Why we need memory barrier?

MESI protocol state

状态	描述	监听任务
M 修改 (Modified)	该Cache line有效，数据被修改了，和内存中的数据不一致，数据只存在于本Cache中。	缓存行必须时刻监听所有试图读该缓存行相对就主存的操作，这种操作必须在缓存将该缓存行写回主存并将状态变成S（共享）状态之前被延迟执行。
E 独享、互斥 (Exclusive)	该Cache line有效，数据和内存中的数据一致，数据只存在于本Cache中。	缓存行也必须监听其它缓存读主存中该缓存行的操作，一旦有这种操作，该缓存行需要变成S（共享）状态。
S 共享 (Shared)	该Cache line有效，数据和内存中的数据一致，数据存在于很多Cache中。	缓存行也必须监听其它缓存使该缓存行无效或者独享该缓存行的请求，并将该缓存行变成无效（Invalid）。
I 无效 (Invalid)	该Cache line无效。	无

Stores Result in Unnecessary Stalls

针对某些特定地址的数据（在一个cacheline中）重复的进行读写，仅仅使用cache可以获得很好的性能，不过，对于第一次写，其性能非常差。
CPU 0发起一次对某个地址的写操作，但是local cache没有数据，该数据在CPU 1的local cache中，因此，为了完成写操作，CPU 0发出invalidate的命令，invalidate其他CPU的cache数据。只有完成了这些总线上的transaction之后，CPU 0才能正在发起写的操作，这是一个漫长的等待过程。

store buffer

有一种可以阻止cpu进入无聊等待状态的方法就是在CPU和cache之间增加store buffer这个HW block

但是执行下列代码时，可能发生失败。
初始情况假定a和b都为0，且a在CPU1的cache line中，而b在CPU0的cache line中。

a = 1;
b = a + 1;
assert(b == 2);

CPU0 Cache miss a，发送read invalidate

CPU0 store a to store buffer

CPU1 erase cacheline(a) , send read response and invalidate acknowledge

CPU0 execute b=a+1

CPU0 load a from cacheline(from CPU1), now a = 0

CPU0 calculate b = 0 + 1 = 1, assert failed

导致这个问题的根本原因是我们有两个a值，一个在cacheline中，一个在store buffer中。

store forwarding

初始情况假定a和b都为0，且a在CPU1的cache line中，而b在CPU0的cache line中。CPU0执行foo()，CPU1执行bar()

void foo()
 { 
    a = 1;
    b = 1;
}
void bar() 
{
while(b == 0) continue;
    assert(a == 1);
}

CPU0 store a=1 in store buffer

CPU1 can not find b, send read invalidate

CPU0 store b=1 in cacheline

CPU0 send read response

CPU1 get cacheline(b=1)

CPU1 read cacheline(a=0), assert failed

CPU1 send read response and invalidate acknowledge

CPU0 store a=1 in cache line

原因在于两个CPU对于写入的理解（要求）不一致，CPU0认为写入到store buffer就叫写入，而CPU1则认为写入到cache line才叫写入。
使用内存屏障操作：smp_mb()这个内存屏障的操作会在执行后续的store操作之前，首先flush store buffer（也就是将之前的值写入到cacheline中）。

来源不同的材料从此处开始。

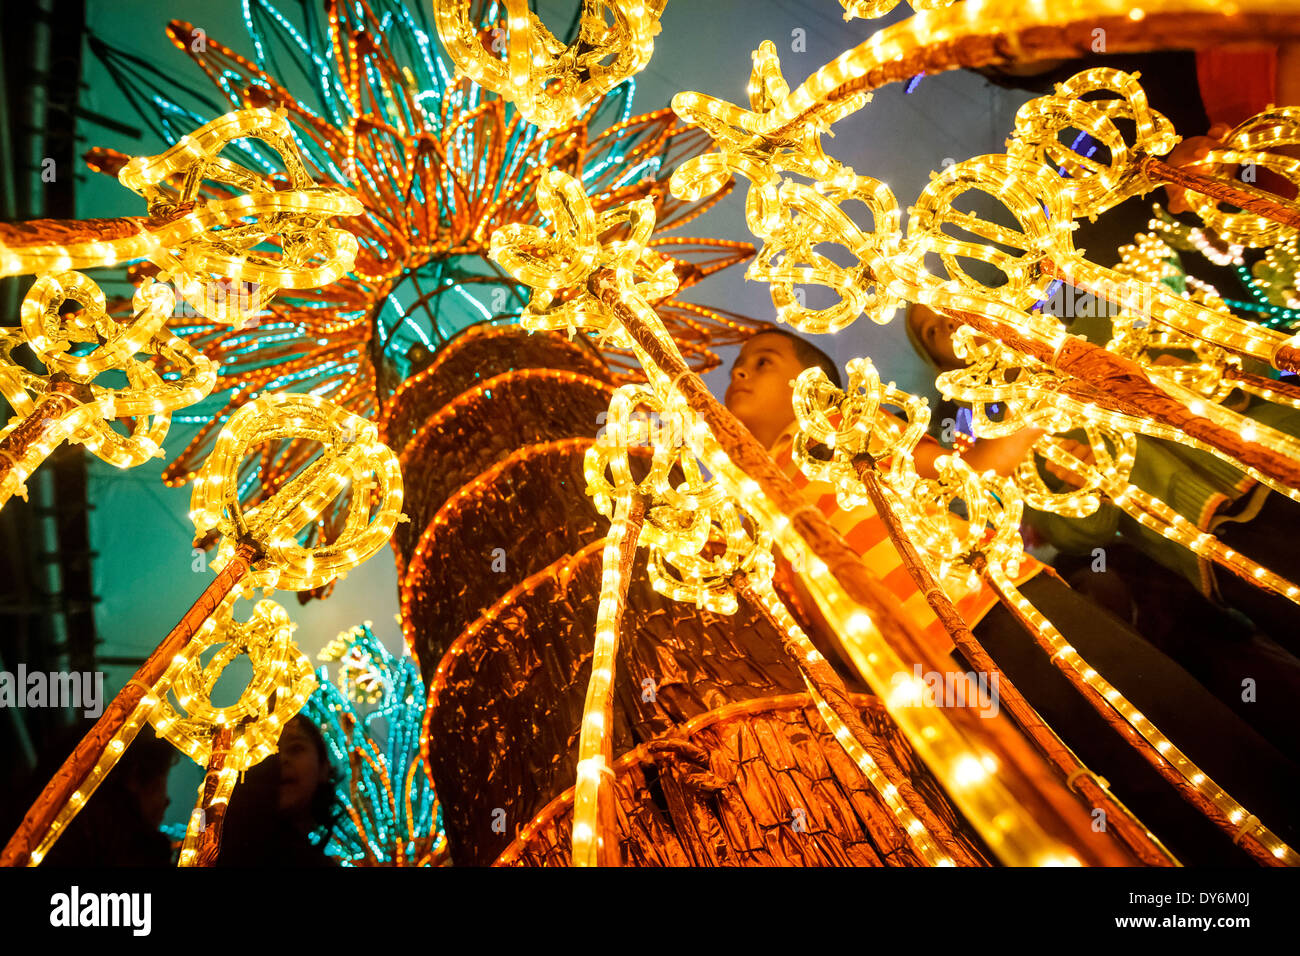 Medellin Christmas lighting. Stock Photo

Store Sequences Result in Unnecessary Stalls

不幸的是：每个cpu的store buffer不能实现的太大，其entry的数目不会太多。当cpu以中等的频率执行store操作的时候（假设所有的store操作导致了cache miss），store buffer会很快的被填满
增加invalidate消息的缓存invalidate queues
当然，如果本CPU想要针对某个cacheline向总线发送invalidate消息的时候，那么CPU必须首先去Invalidate Queue中看看是否有相关的cacheline，如果有，那么不能立刻发送，需要等到Invalidate Queue中的cacheline被处理完之后再发送。

我们假设a和b初值是0，并且a在CPU 0和CPU 1都有缓存的副本，即a变量对应的CPU0和CPU 1的cacheline都是shared状态。b处于exclusive或者modified状态，被CPU 0独占。我们假设CPU 0执行foo函数，CPU 1执行bar函数。

void foo()
 { 
    a = 1;
    smp_mb();
    b = 1;
}
void bar() 
{
while(b == 0) continue;
    assert(a == 1);
}

CPU0 execute a=1, store a=1 to store buffer, send invalidate to other CPUS

CPU1 not find b, send read

CPU1 receive invalidate to invalidate queue, send acknowledge

CPU0 receive acknowledge, execute smp_mb(), cacheline(a=1)

CPU0 execute b=1, cacheline(b=1)

CPU0 receive read, send response and cacheline(b=1)

CPU1 get read response

CPU1 get b=1 from cacheline

CPU1 get cacheline from self, a=0

CPU1 process invalidate queue, erase cahceline(a=0)

加速Invalidation response导致foo函数中的memory barrier失效了；需要再次使用smp_mb()来让两个CPU可以通信
CPU1在执行assert前，需要将invalidate queue中请求处理完毕，将a的cacheline移除

void foo()
{ 
    a = 1;
    smp_mb();
    b = 1;
}
void bar() 
{
    while(b == 0) continue;
    smp_mb();
    assert(a == 1);
}

Read and Write Memory Barriers

在我们上面的例子中，memory barrier指令对store buffer和invalidate queue都进行了标注，不过，在实际的代码片段中，foo函数不需要mark invalidate queue，bar函数不需要mark store buffer
因此，许多CPU architecture提供了弱一点的memory barrier指令只mark其中之一。
- 如果只mark invalidate queue，那么这种memory barrier被称为read memory barrier。
- 相应的，write memory barrier只mark store buffer。
- 一个全功能的memory barrier会同时mark store buffer和invalidate queue。
对于read memory barrier指令，它只是约束执行CPU上的load操作的顺序，具体的效果就是CPU一定是完成read memory barrier之前的load操作之后，才开始执行read memory barrier之后的load操作
write memory barrier指令，它只是约束执行CPU上的store操作的顺序，具体的效果就是CPU一定是完成write memory barrier之前的store操作之后，才开始执行write memory barrier之后的store操作

void foo()
{ 
    a = 1;
    smp_wmb();
    b = 1;
}
void bar() 
{
    while(b == 0) continue;
    smp_rmb();
    assert(a == 1);
}